München - Das Hippodrom soll nicht nur einen neuen Wirt, sondern auch einen neuen Namen bekommen. Siegfried Able, der sich wohl sicher ist, den Zuschlag zu kriegen, hat sich den neuen Namen schützen lassen.

Nach Wirt Sepp Krätz wird nun auch der Name „Hippodrom“ von der Wiesn verschwinden.
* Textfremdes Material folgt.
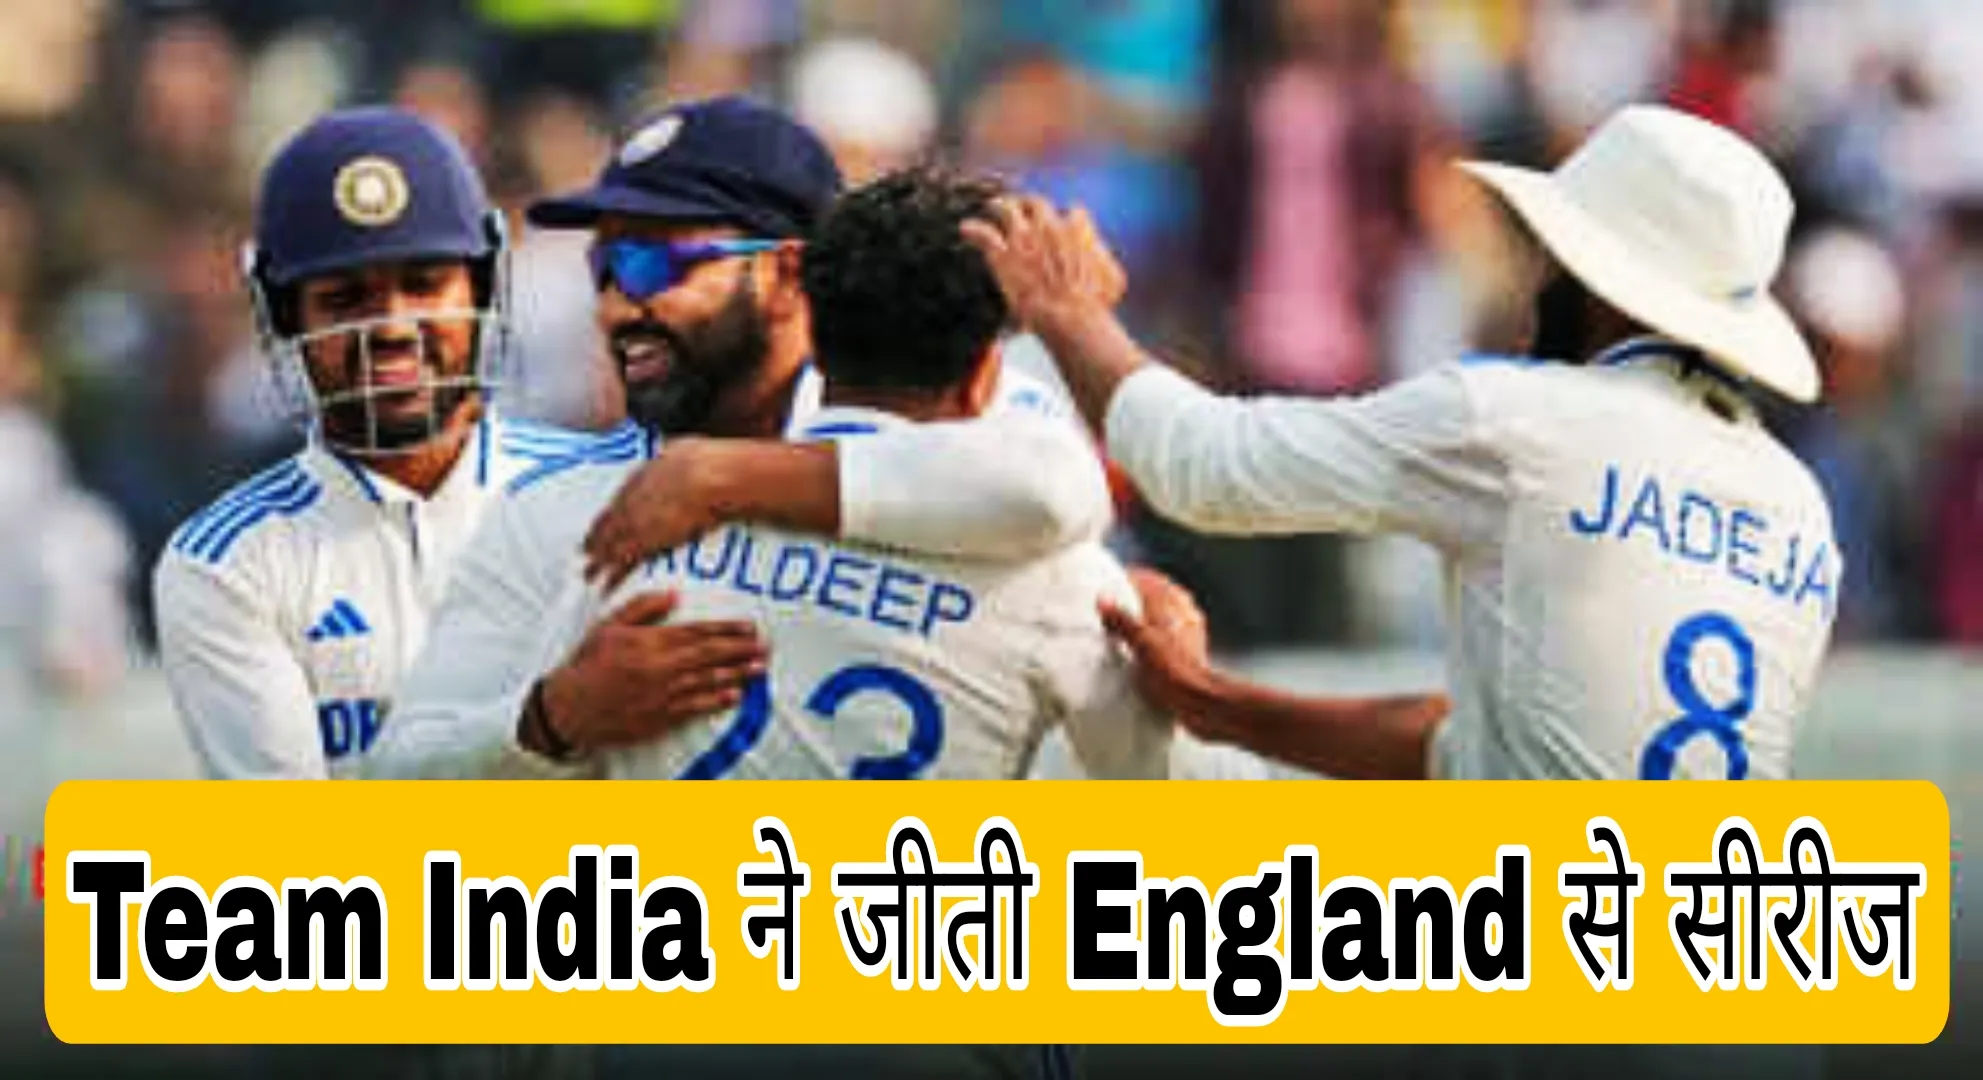 Team India Won The Series From England

Nach Informationen des Münchner Merkur sieht das Konzept von Siegfried Able, der Nachfolger von Krätz werden soll, vor, dass sein Zelt „Marstall“ heißen soll. Der Wiesn-Chef und künftige Oberbürgermeister Dieter Reiter (SPD) wird dem Wirtschaftsausschuss demnach am Montag vorschlagen, Able den Zuschlag für ein großes Wiesn-Zelt zu geben.

Tatsächlich hat sich Able die Marke „Marstall“ schützen lassen. Erst vor wenigen Tagen, am 14. April, wurde sie offiziell unter der Registernummer 302014022617 eingetragen. Able plant offenbar eine breite Vermarktung des Namens. „Marstall“ ist nicht nur für „Dienstleistungen zur Verpflegung und Beherbergung von Gästen“ geschützt, sondern auch für Schnupftabak, alle Getränke außer Bier, viele Lebensmittel, Kleidung, Bierkrüge, Schirme, Schmuck, Wimpel und vieles mehr.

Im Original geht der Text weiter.